טכניון מכון טכנולוגי לישראל
הטכניון מכון טכנולוגי לישראל - בית הספר ללימודי מוסמכים  
Ph.D Thesis
Ph.D StudentArmon-Zur Zurit
SubjectThe Public Interest in Transportation Infrastructure
Development through Public-Private-Partnerships:
A Case Study of the Jerusalem
Rail Transit
DepartmentDepartment of Architecture and Town Planning
Supervisor Professor Pnina Plaut
Full Thesis text - in Hebrew Full thesis text - Hebrew Version


Abstract

Public Private Partnerships (PPPs) are well-recognized models for the provision of public infrastructure around the globe during the past 30 years. Various models for public-private partnerships exist, differing by the division of risk between public sector (state) and private sector (concessioner). The DFBOT (Design Finance Build Operate Transfer) model, better known in its shorter version - BOT - is the most complex model, wherein most construction risks are imposed on the private sector.  On one hand, private sector participation eases the pressure on public budgets in the short term and optimizes construction procedures. On the other hand, the transfer of traditional public responsibilities to private interests often leads to friction between state and concessionaire and interferes with projects' completion. Few studies of Public-Private Partnerships focus on social and public issues. Even fewer have studied the effect of the transfer of critical public responsibilities to private hands on the public interest.

The research aims were twofold: 1) To develop a systematic process for public interest analysis in transportation projects constructed through Public Private Partnerships; 2).To implement this process in an in-depth case study of the Jerusalem Light Rail Transit (LRT). Since the term 'Public Interest' is obscure, a 'Dynamic-Public-Interest' model was developed, grounded in the normative and Utilitarian-consequential theoretical philosophies of government, public policy and law.    

Based on Grounded Theory, one of several qualitative research methods, the Content Analysis method was applied to relevant documents regarding the planning and construction of the Jerusalem LRT. The information sources analyzed in light of the 'Dynamic Public Interest Model' included planning documents, minutes of planning committee meetings, minutes of Knesset [Israel's parliament] committee meetings, state and city comptrollers' reports, statutory objections, newspaper reports and articles, and in-depth interviews with public-sector decision-makers.   

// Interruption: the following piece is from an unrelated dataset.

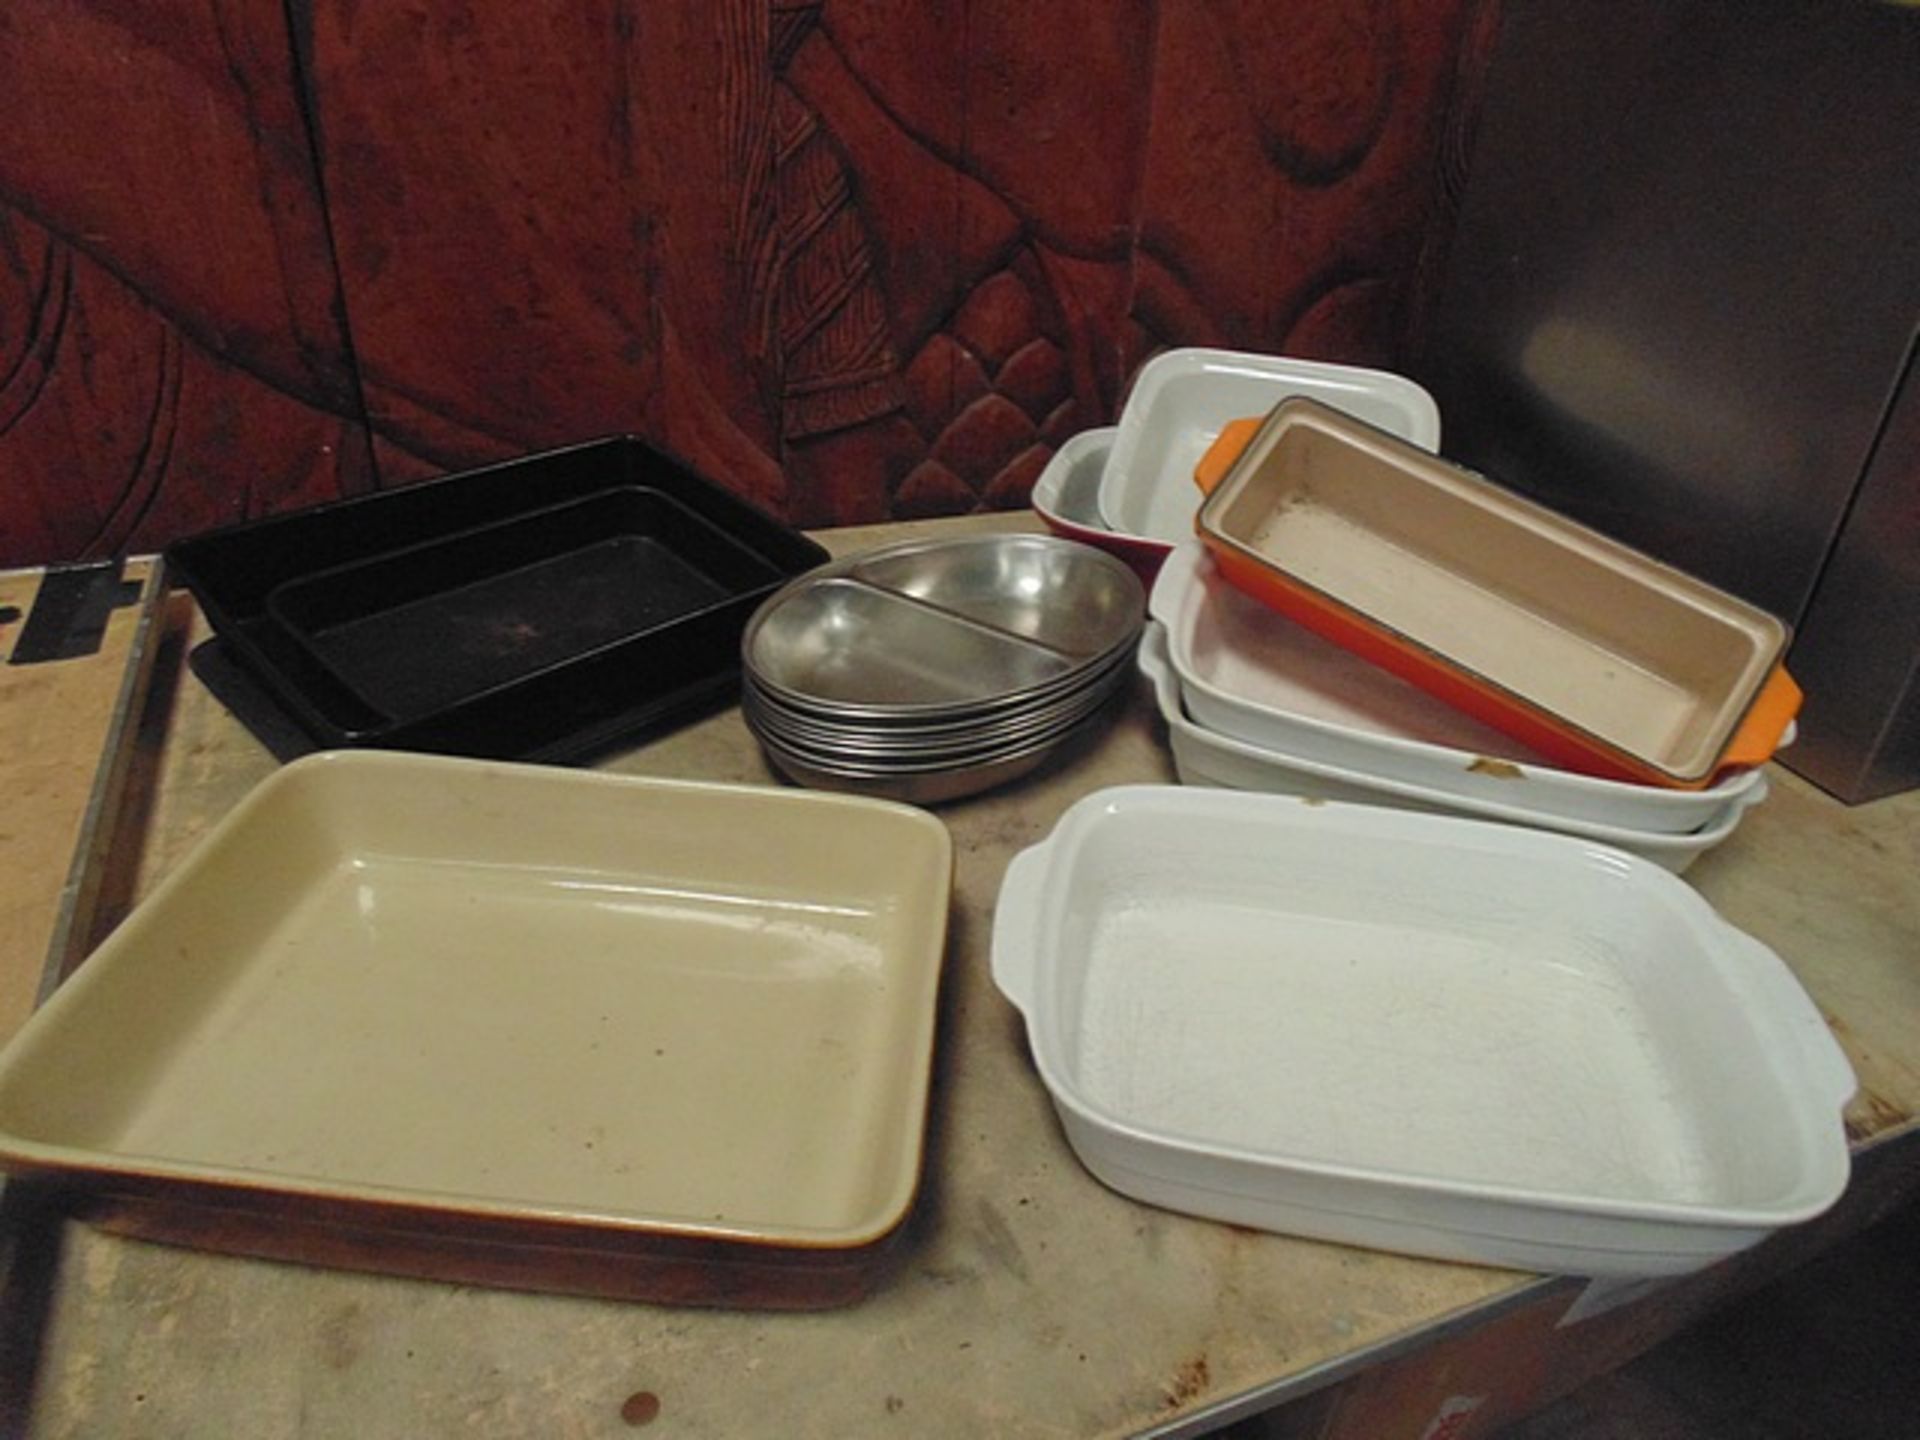 Job lot comprising of 7 x various Pyrex ceramic ovenware, 8 x stainless steel divided dishes and 4 x

The conclusions of the study are that: 1) Although decision makers' intent was to act on behalf of the normative public interest, the practical process of planning and construction in fact fulfilled the utilitarian-consequential public interest. 2) Many objections to the project and delays in progress, which interpreted into a major increase in budget, occurred as a result of ignored interests of different sectors. A comprehensive mapping of the public interest during the planning process would have produced a more accurate time and cost estimation of the specific alternative of route. The public interest would have been better served if all economic implications were   taken into account.

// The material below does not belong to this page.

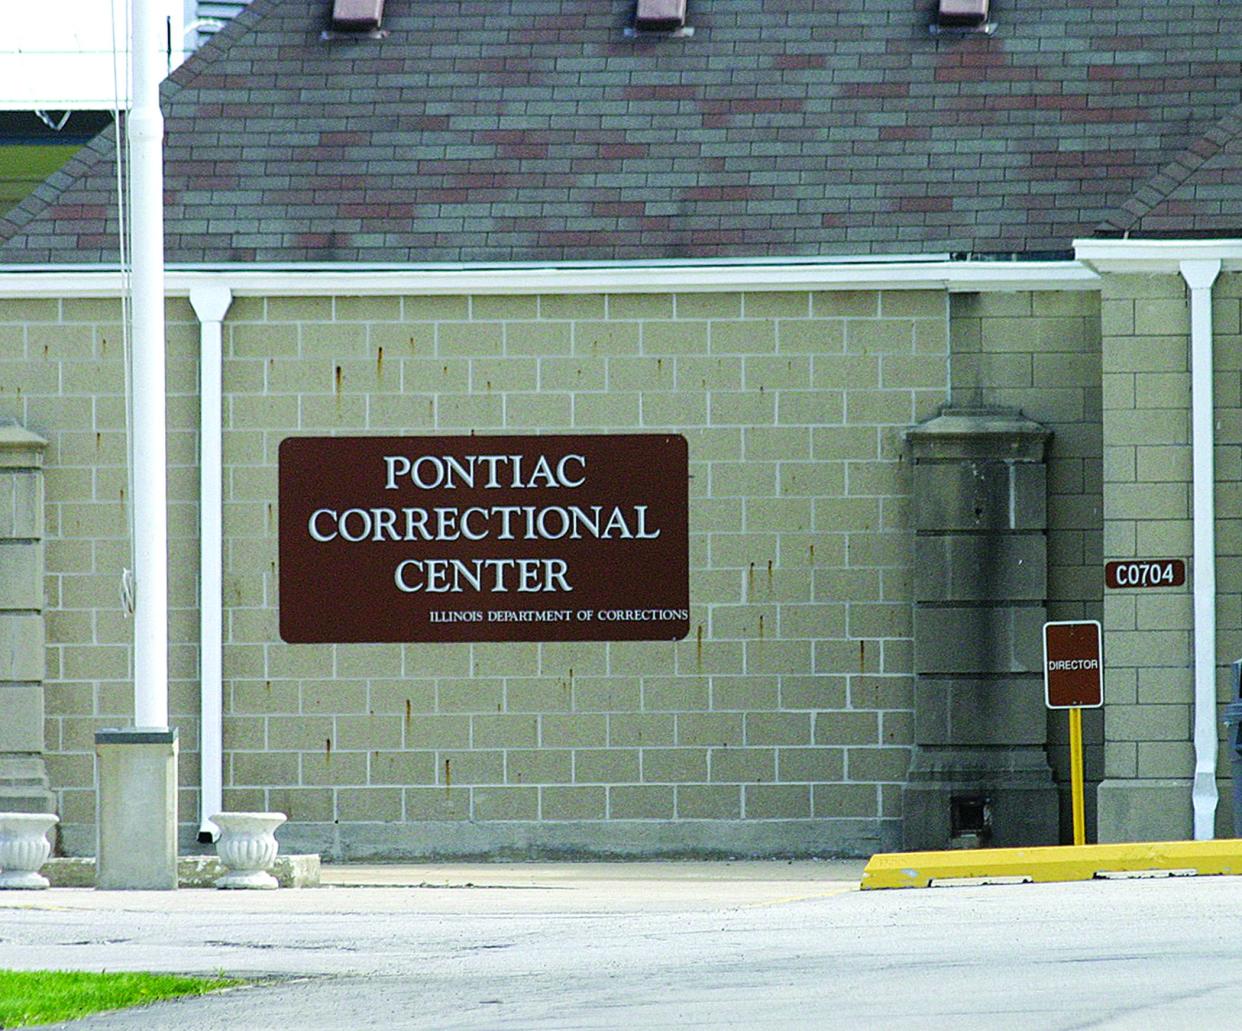 Two correctional officers were attacked by inmates at Pontiac Correctional Center Wednesday morning, according to AFSCME Local 494 President William Lee.

The current study contributes to the field of social and public interests in the planning of transportation projects with private-sector involvement. It contributes to theoretical concepts of public interest as well as to the practical implementation of public interest mapping during project planning assessment. The research provides a basis for future studies that could establish the proposed model for public interest analysis in transportation projects and compare different types of public-private partnerships with the scope of public interest protection.